A couple of people have asked and I'm happy to help them design something like a character from another game. It'll be a new character, but we can normally find something close to what they used to have.



One guy I knew used to play variations of the same character for each campaign that he played in. He took this character along to someone elses campaign:

He'd reached 5th level in one campaign, 4th in another, 7th in another etc, etc. He'd added them all together to come up with a 39th level wizard, which he was trying to use...
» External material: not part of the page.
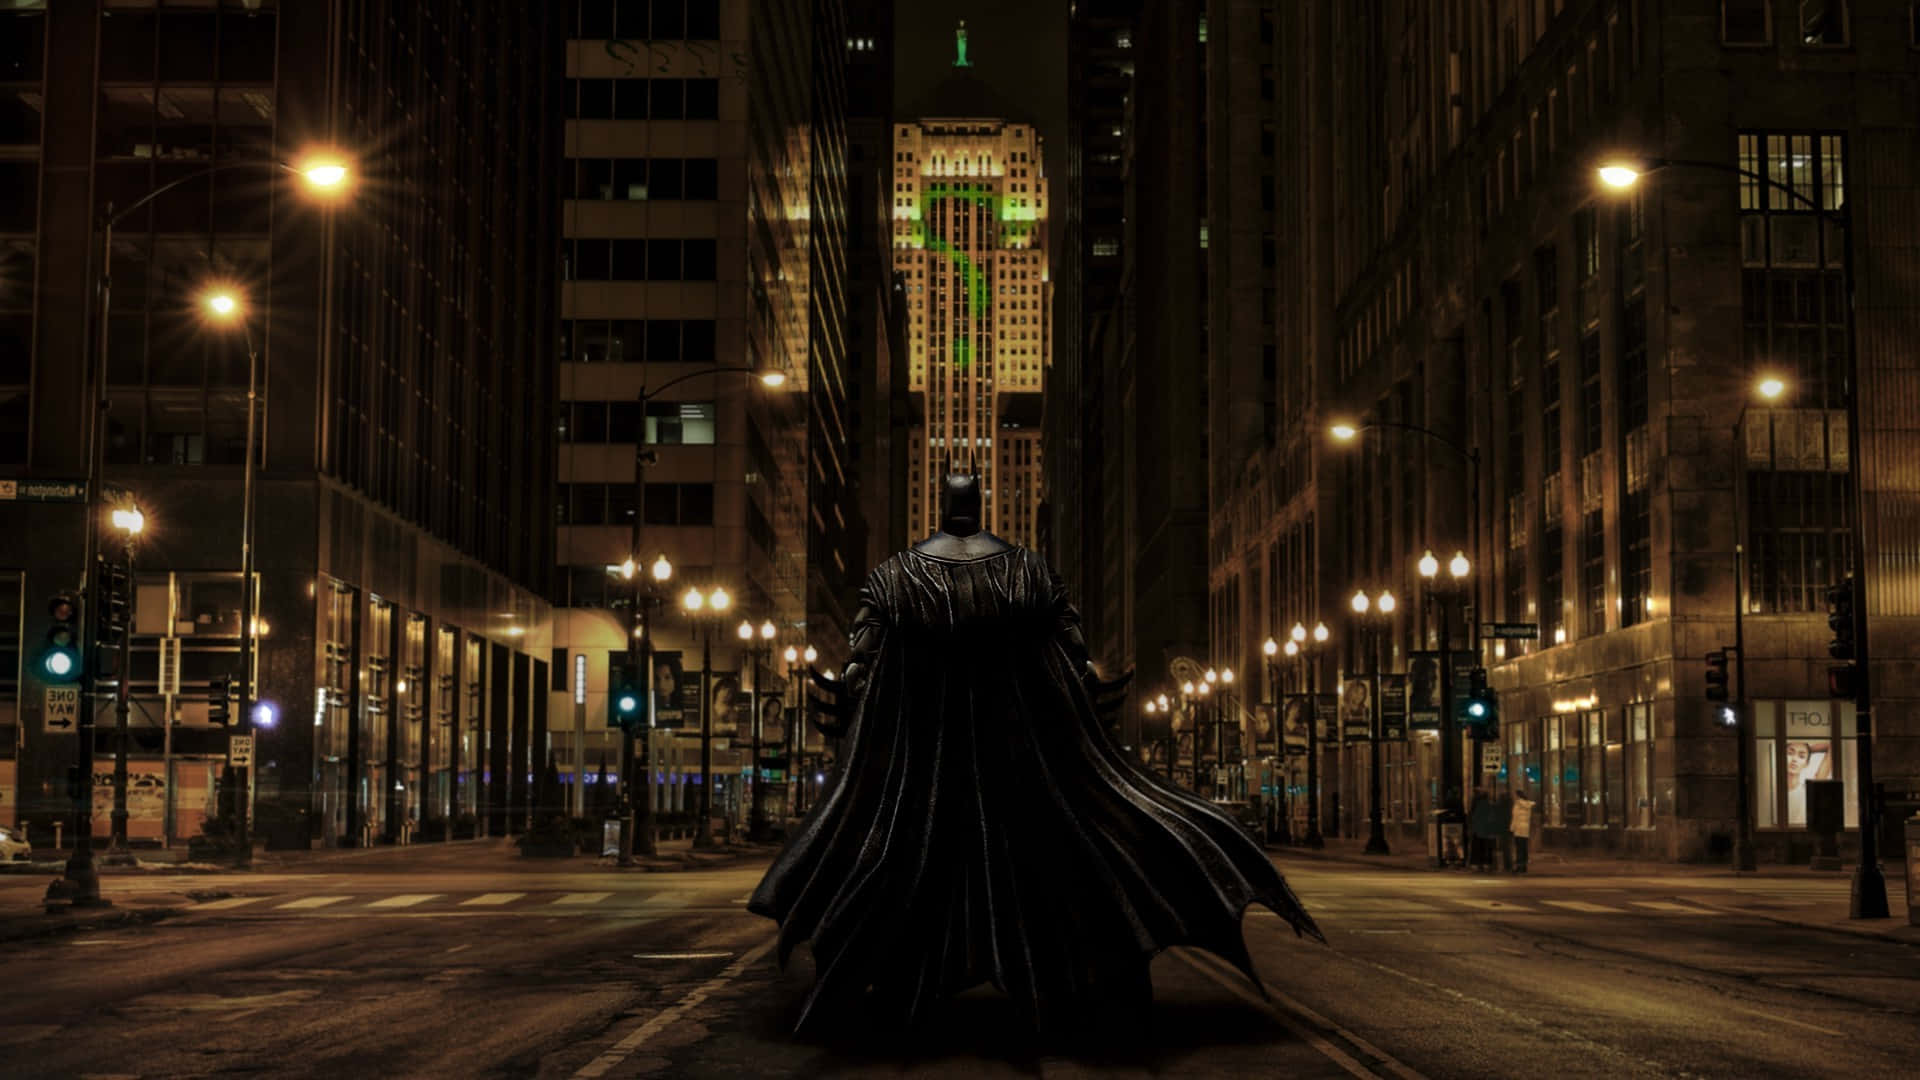 Travlhedenog Virakken I Gotham City, Hjemstedet For Den Berømte Batman. Wallpaper

Funnily enough he was told to take it back home. And got dice thrown at him!
 

This was common in my experience. If the DM was running a game for, say, 6th-10th level characters, then the player would be expected to furnish one that he had played from 1st level. That was important - no 'cheating' and making up a character at 8th level. Players seemed to have a lot more invested in their characters, back then. At a pinch, players could opt for a pregenerated character from a module - Beek Gwenders of Croodle, or whatever. This was always considered an inferior choice, though.

I recall that one player of mine, who had dropped out of the game, reluctantly allowed a newbie replacement player to play his character. Whenever we saw him afterwards, the old player would always ask:

"How's Raven, Bill? I hope you haven't gone and got him killed."

Weird in retrospect, but it seemed perfectly normal to us at the time.